CIRCUIT COURT OF LOUDOUN County
Feb 13, 2004
CHANCERY NO. 03ZOAOOO-(CONSOLIDATED) (Va. Cir. Ct. Feb. 13, 2004)

Opinion

CHANCERY NO. 03ZOAOOO-(CONSOLIDATED)

02-13-2004

IN RE: ZONING ORDINANCE AMENDMENTS ENACTED BY THE BOARD OF SUPERVISORS OF IN LOUDOUN County ON JANUARY 6, 2003 (CONSOLIDATED CASES): THIS DOCUMENT RELATES TO: WESTVIEW STABLES, INC. CHANCERY NO. 22513 ELYSIAN LAND, INC. CHANCERY NO. 22515 ESTATE OF ALBERT MORAN, ET.AL. CHANCERY NO. 22516 ESTATE OF ALBERT MORAN, ET.AL. CHANCERY NO. 22556 ROCK SPRINGS PROPERTIES, L.L.C. CHANCERY NO. 22573 ESTATE OF ANNE D. COCKERILL CHANCERY NO. 22604 FOUR SONS FAMILY, L.L.C. CHANCERY NO. 22608


CONSOLIDATED DECREE No. ___

MEMORANDUM OPINION AND DECREE

This case is before the Court on the responsive pleadings filed by the respondents.

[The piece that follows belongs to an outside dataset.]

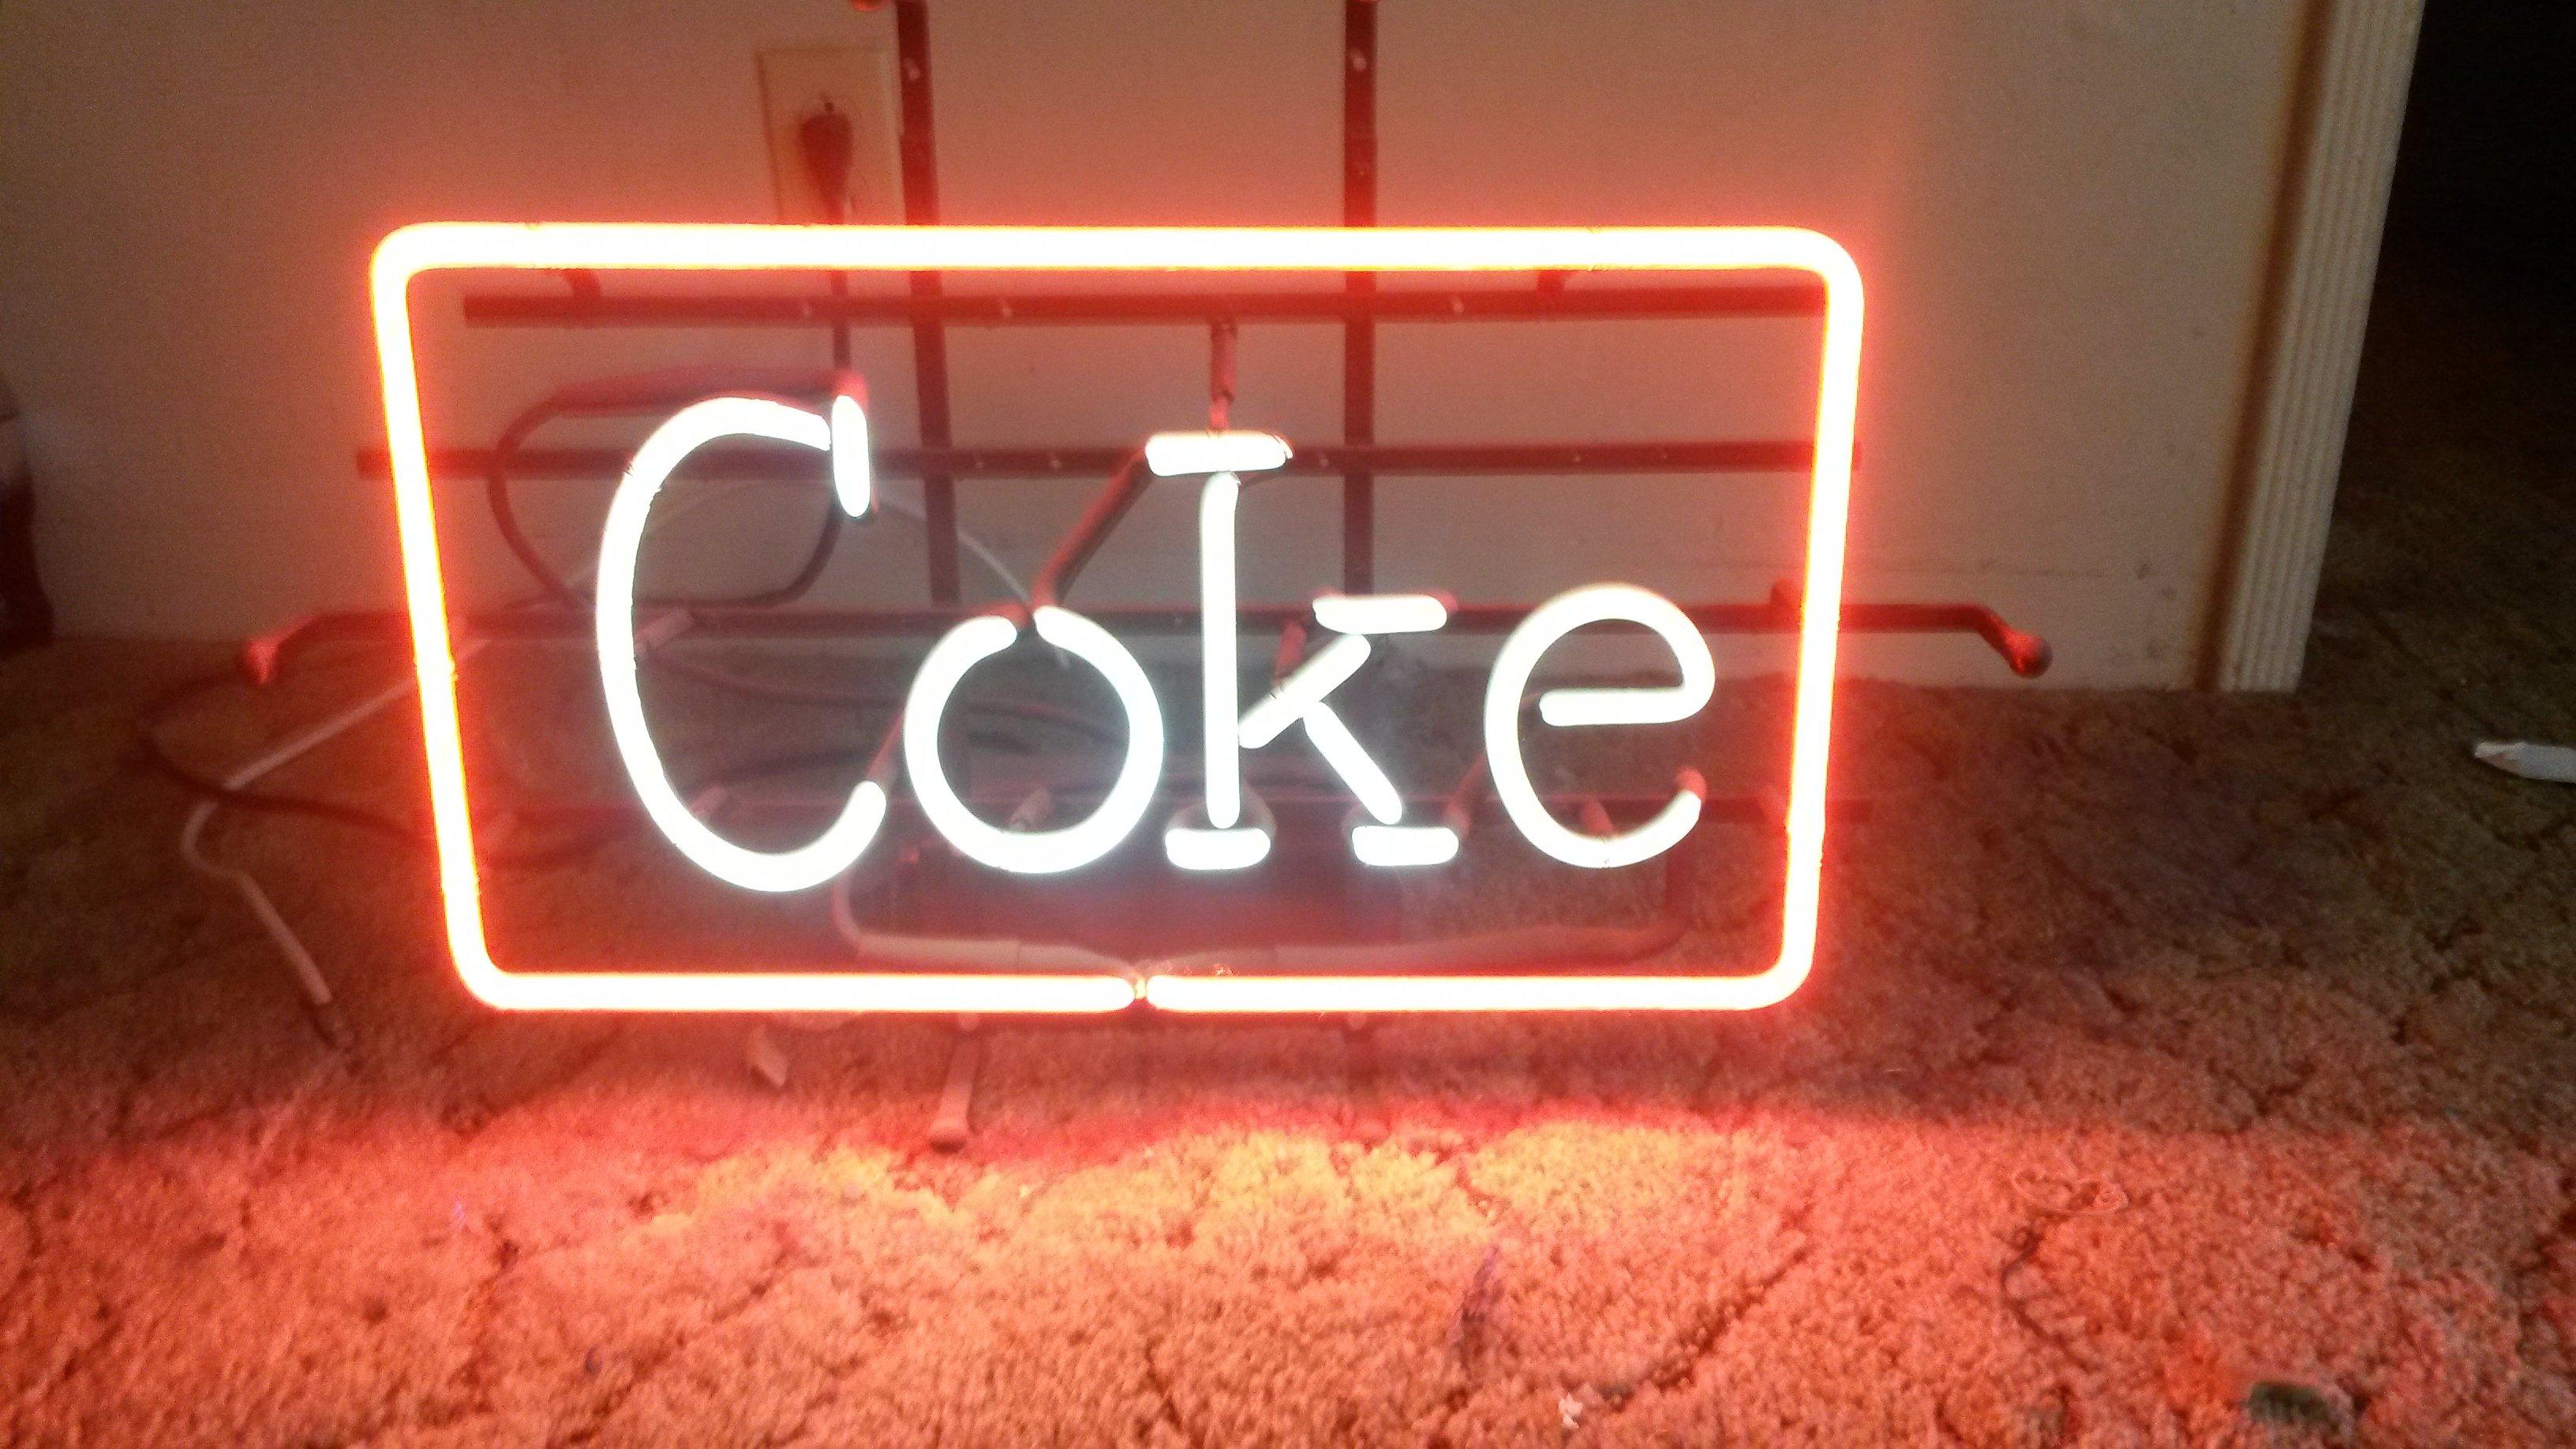 neon coke signs sign miller budweiser guitar lite rancho cucamonga california arcade

Counsel for the complainants, Estate of Albert Moran, et. al. (Chancery Nos. 22516 and 22556) represented that orders of non suit would be presented as to those actions. In addition, the parties indicated that an agreed order granting leave for Elysian Land, Inc. to amend would be submitted for entry. Accordingly, the issues raised as to the pleadings in such cases were not addressed in argument and need not be discussed further by the Court.

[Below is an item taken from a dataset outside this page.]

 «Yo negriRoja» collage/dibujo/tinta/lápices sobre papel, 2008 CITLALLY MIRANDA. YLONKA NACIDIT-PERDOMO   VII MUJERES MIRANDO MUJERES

Westview Stables, Inc. has motioned the Court to cure a misnomer. Va. Code Ann. §8.01-6. It seeks to substitute the Trustee in Liquidation of the corporation for Westview Stables, Inc. Va. Code Ann. §13.1-753. Because it failed to file an annual report and pay the appropriate fee, Westview's corporate existence was automatically terminated on November 2, 1998. Va. Code Ann. §13.1-752. Respondents object to the motion and have filed a plea in bar and demurrer to Westview's bill of complaint.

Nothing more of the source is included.